Are there any compiler implementations where size_t is actually not a uint? What are the grounds for that criticism?

size_t is the "size matching the largest possible address range you can use in the machine" (or some words to roughly that effect).
In particular, size_t will be 64 bits on a 64-bit machine, and 32 bits on a 32-bit system.
I'm assuming uint is short of unsigned int, which is pretty much universally 32 bits (these days, some older systems would be using 16-bit integers). So on a 64-bit system, an unsigned int will be 32 bits still, although memory allocations, strings, etc can be larger than 32 bits in size - which would cause problems if you are trying to use uint for the size.

Related

Why are there different names for same type of data unit?
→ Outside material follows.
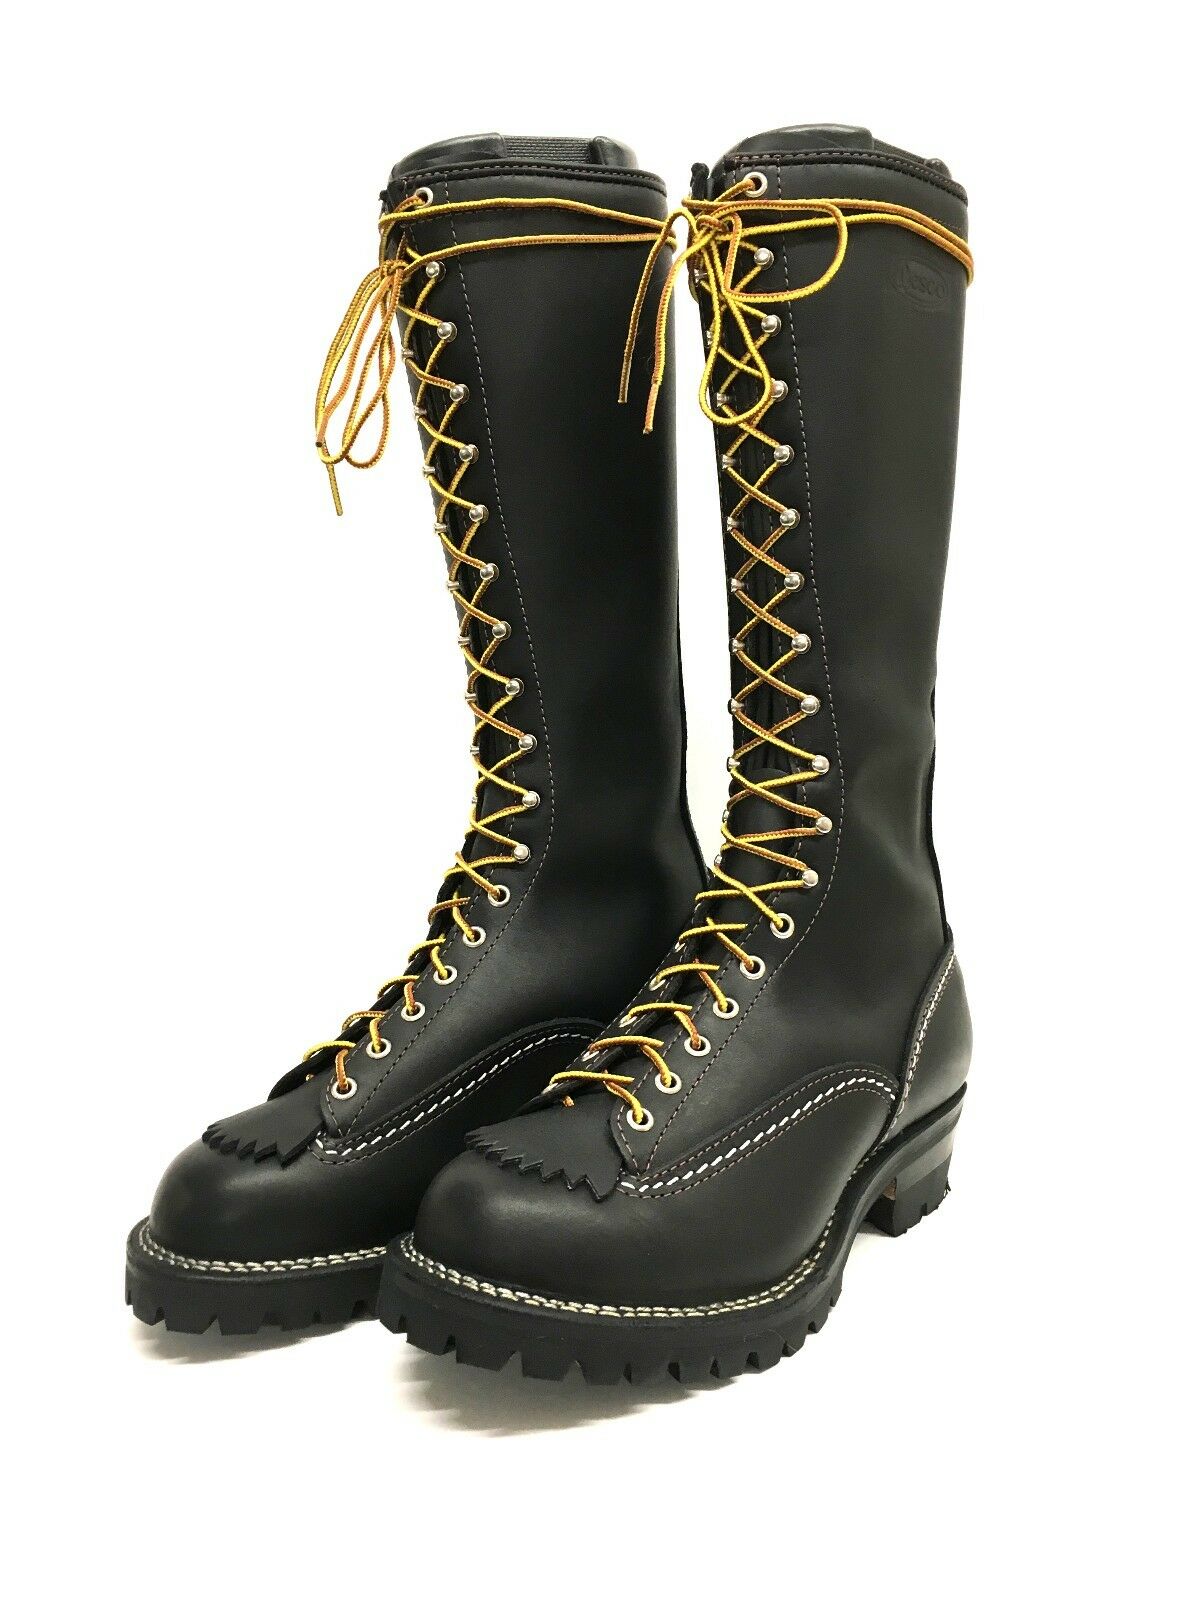 Jobmaster Lace-Up Boots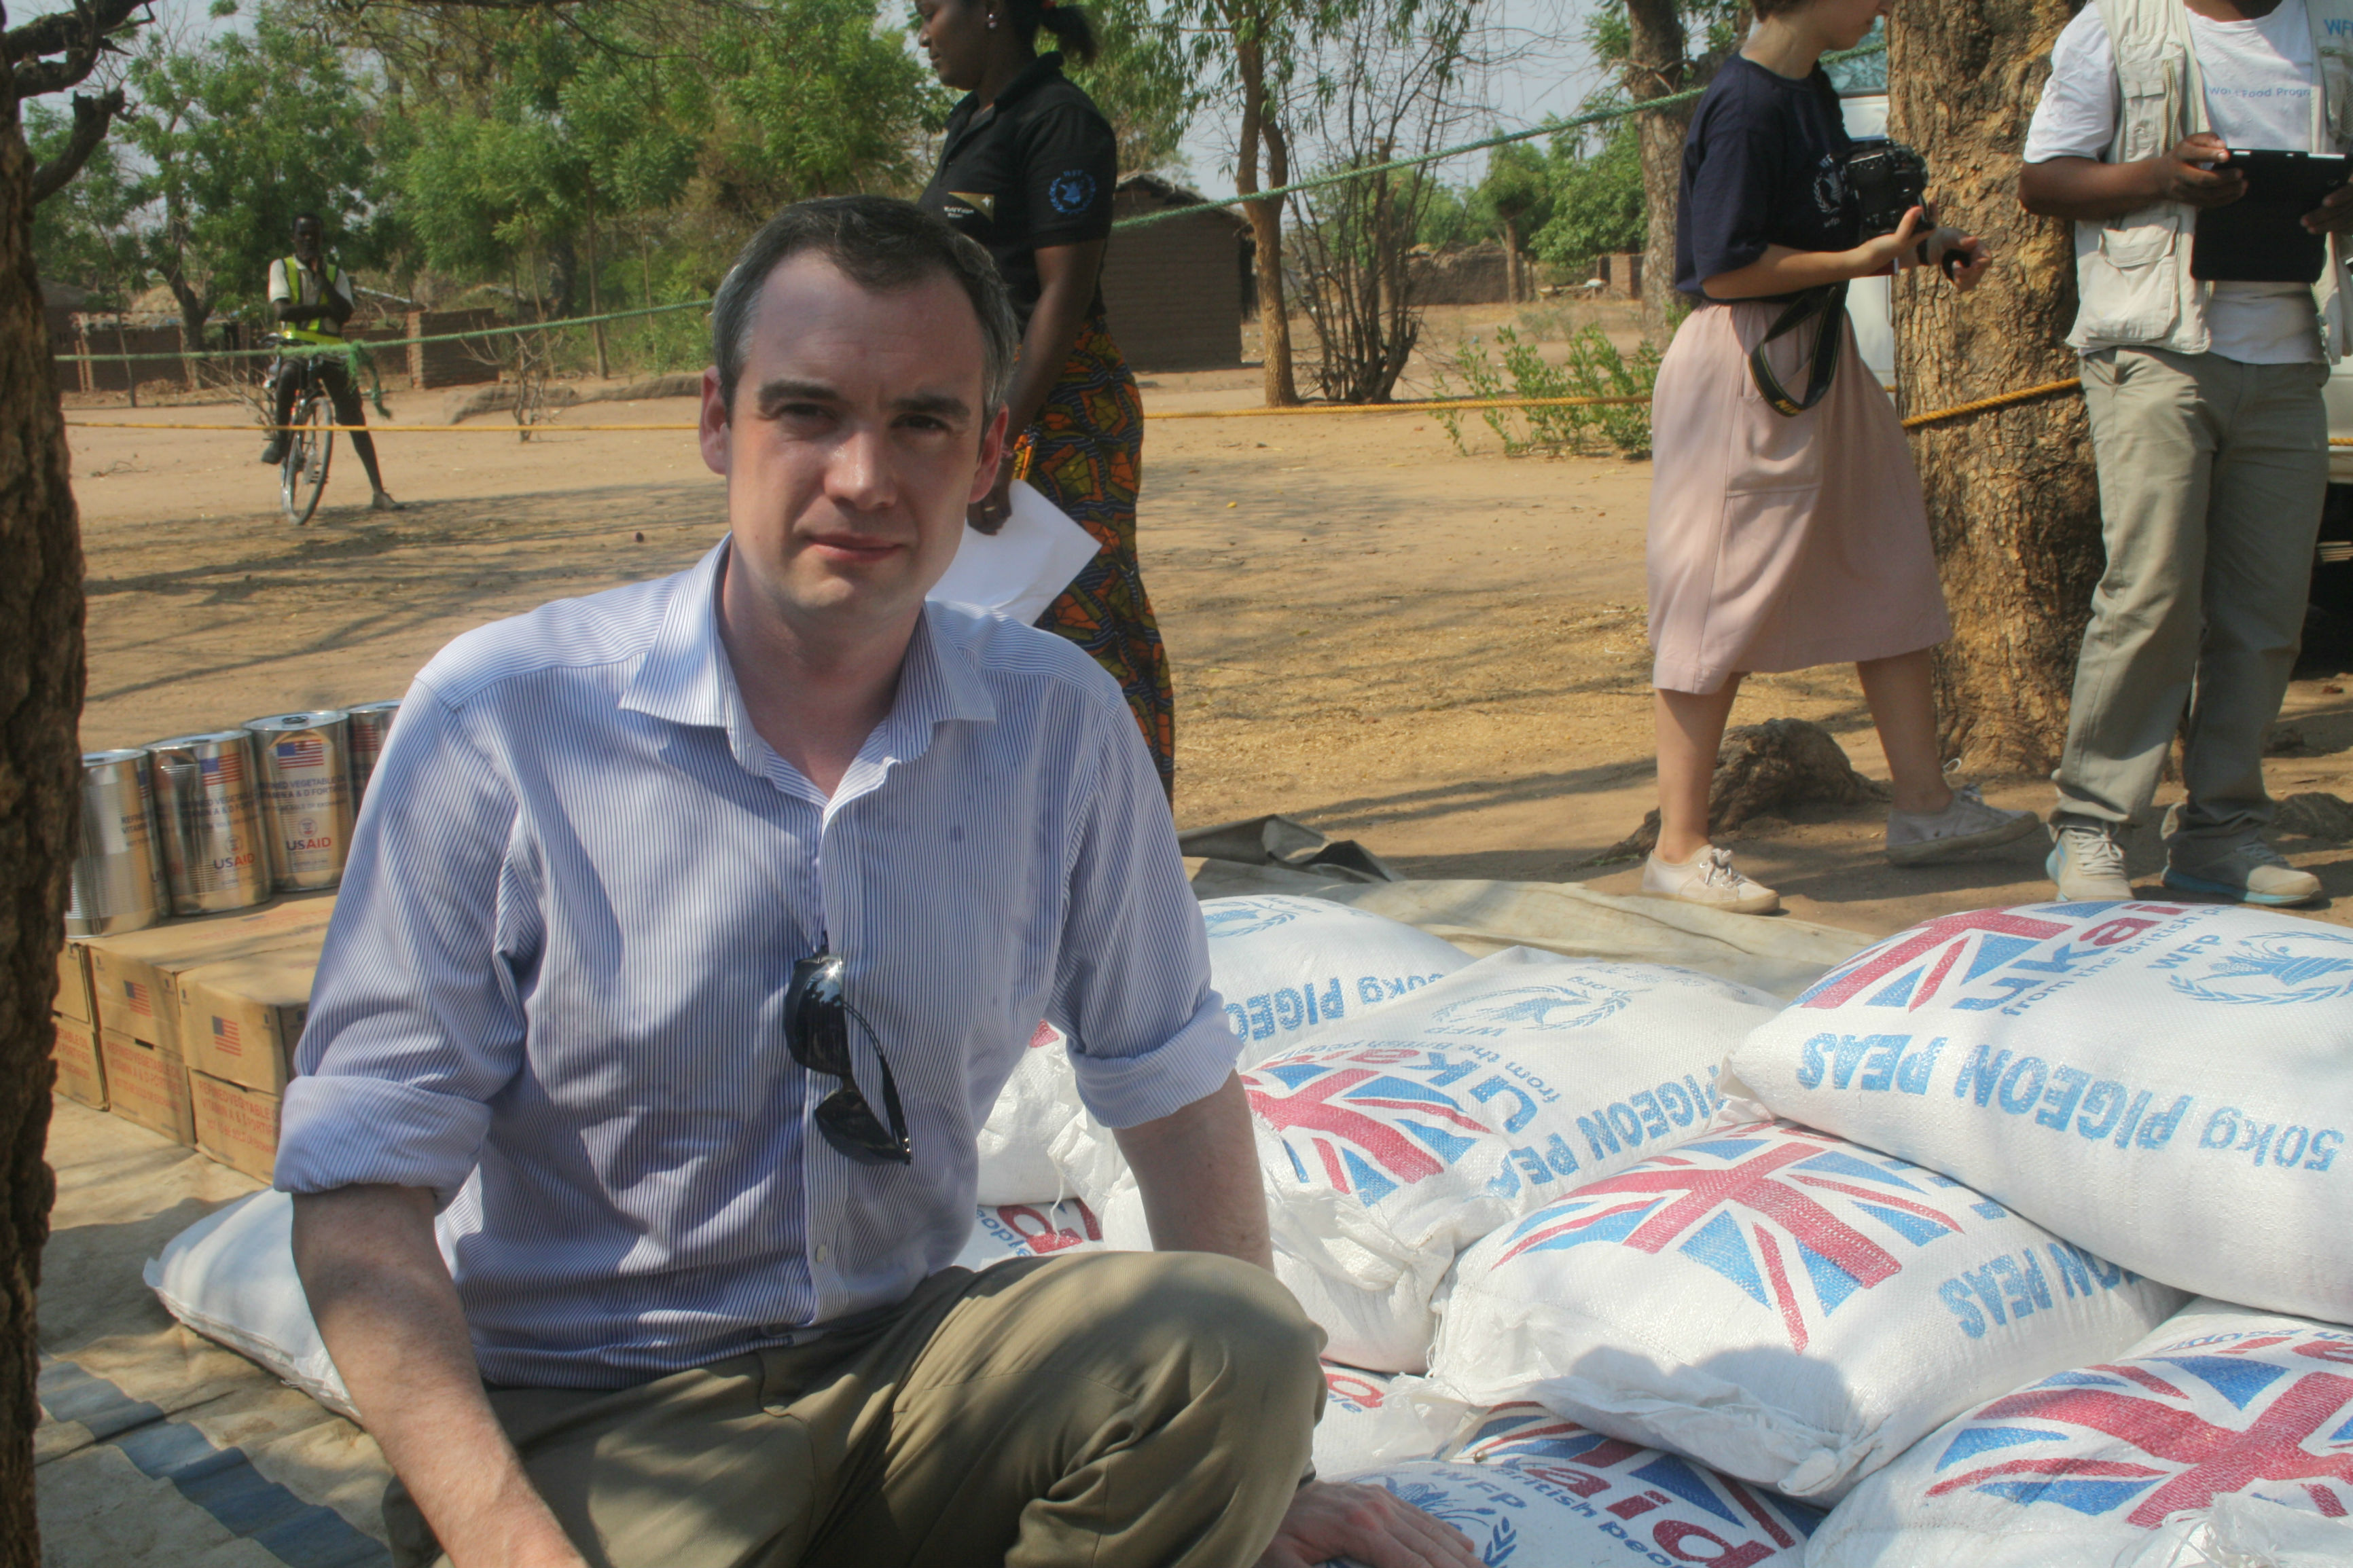 UK Government Minister James Wharton in Malawi

As far as i know, in c++ on a 32bit compiler, int = __int32 = long = DWORD. But why have so many? Why not just one?
If i were to pick a name, int32 seems most appropriate since there is no confusion there as to what it could be.

int is a pre-C99 type which is guaranteed to be at least 16 bits, but is 32 bits on most modern architectures. (It was originally intended to be the "native" word size, but even on 64-bit architectures it is usually still 32 bits, largely for backwards compatibility reasons.)
long is a pre-C99 type which is guaranteed to be at least 32 bits, but is allowed to be wider. (Few compilers make it longer, even on 64-bit architectures, largely for backwards compatibility reasons.)
__int32/__int32_t is a nonstandard typedef which was implemented by many C compilers and runtime libraries, to guarantee a fixed width pre-C99.
int32_t is a C99 type which is guaranteed to be exactly 32 bits.
DWORD is a typedef from the original Windows API which is guaranteed to be exactly 32 bits, from the days when there was no language-defined type of exactly 32 bits.
So basically, the large number of ways to say "32-bit integer" come from how C dragged its feet on standardizing fixed-width types, and from the long tenure of 32-bit processors dominating the field, causing everyone to standardize on 32 bits as the "normal" integer size.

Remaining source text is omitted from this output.